I have a distributed system and I have chosen Ignite as my cache cluster (I suppose not relevant, could be any other). There are no sticky-sessions, and the load isn't always evenly distributed

This is what I want the workflow to be like:

A tryConsume() or tryConsumeAndReturnRemaining() request comes in.
It should be always served locally
If at least N milliseconds had passed since the last synchronization of this bucket, then make an async request to update the value (batching all local changes that have piled up). The request is still served instantly (locally), but when the async part completes, the bucket silently updates.

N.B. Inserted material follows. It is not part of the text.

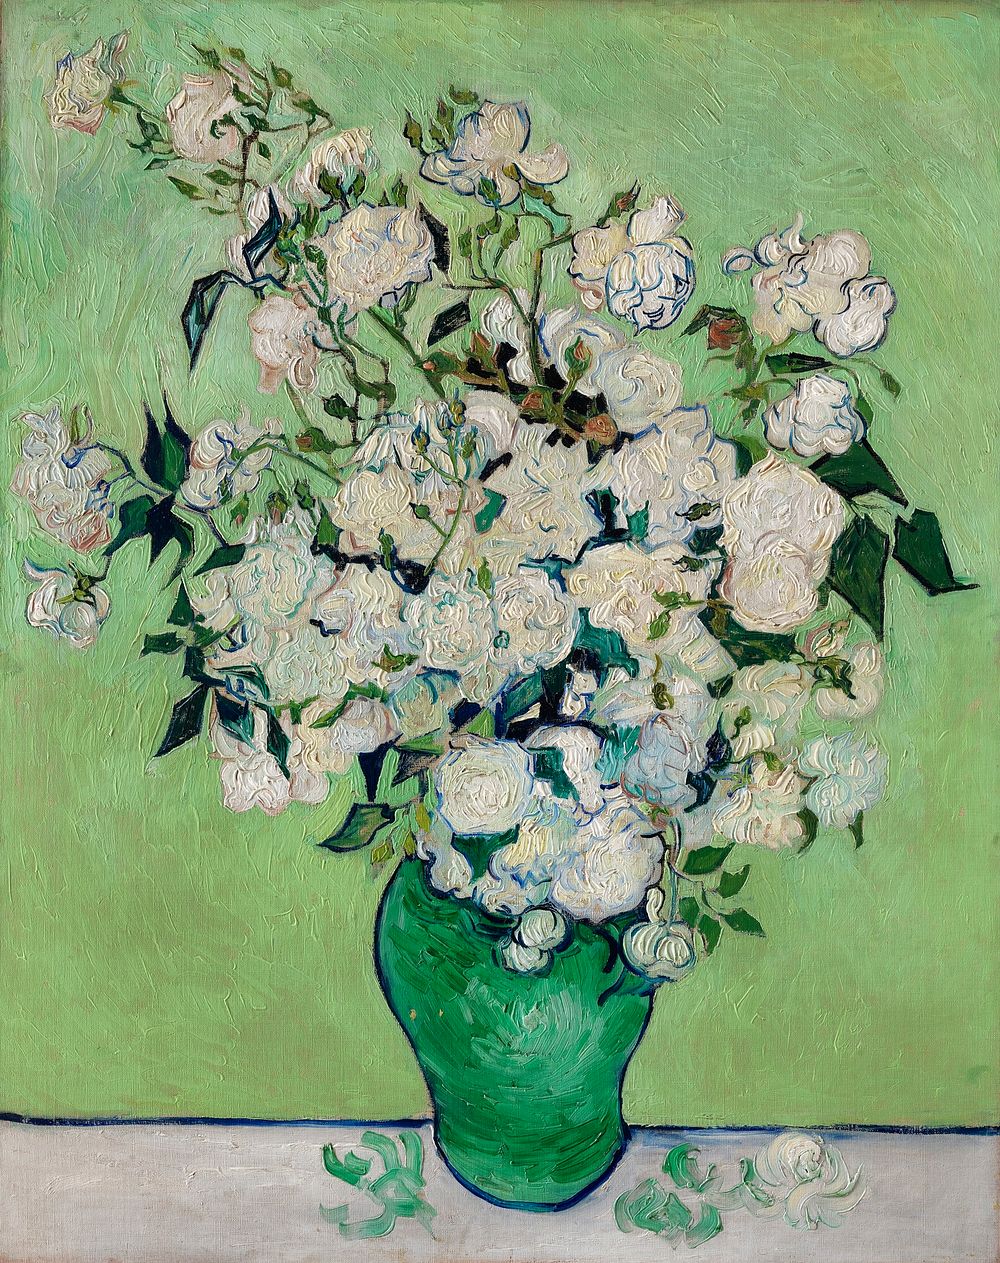 Roses (1890) by Vincent Van Gogh. Original from the MET Museum. Digitally enhanced by rawpixel.

I have found Optimization.delaying, which does almost exactly that. However, if I understand it correctly, there is a huge difference - it returns a CompletableFuture, and if the bucket sees that it is time to synchronize, the future won't be completed for the entire synchronization time.

I cannot afford these kinds of delays, and I want the actual cluster update to be issued behind the scenes (and the local bucket be updated as it completes), but the local value to be always instantly returned from tryConsume().

I wanted to try something like this:

        var asyncResult = bucket.tryConsume(tokens);
        asyncResult.completeOnTimeout(true, 2, TimeUnit.MILLISECONDS);
        boolean res= asyncResult.join();

However, I believe that CompletableFuture cannot be completed multiple times, and if the future actually completes on timeout, then the synchronization part (that arrives later) may be processed incorrectly.

Moreover, this solution implies that I always return true if the cache cluster is unreachable, which is way worse than continuing to serve locally.

Note that if the bucket issues such a behind-the-scene-update at point T1, and it completes at T2, then all local changes between T1 and T2 should be included in the update.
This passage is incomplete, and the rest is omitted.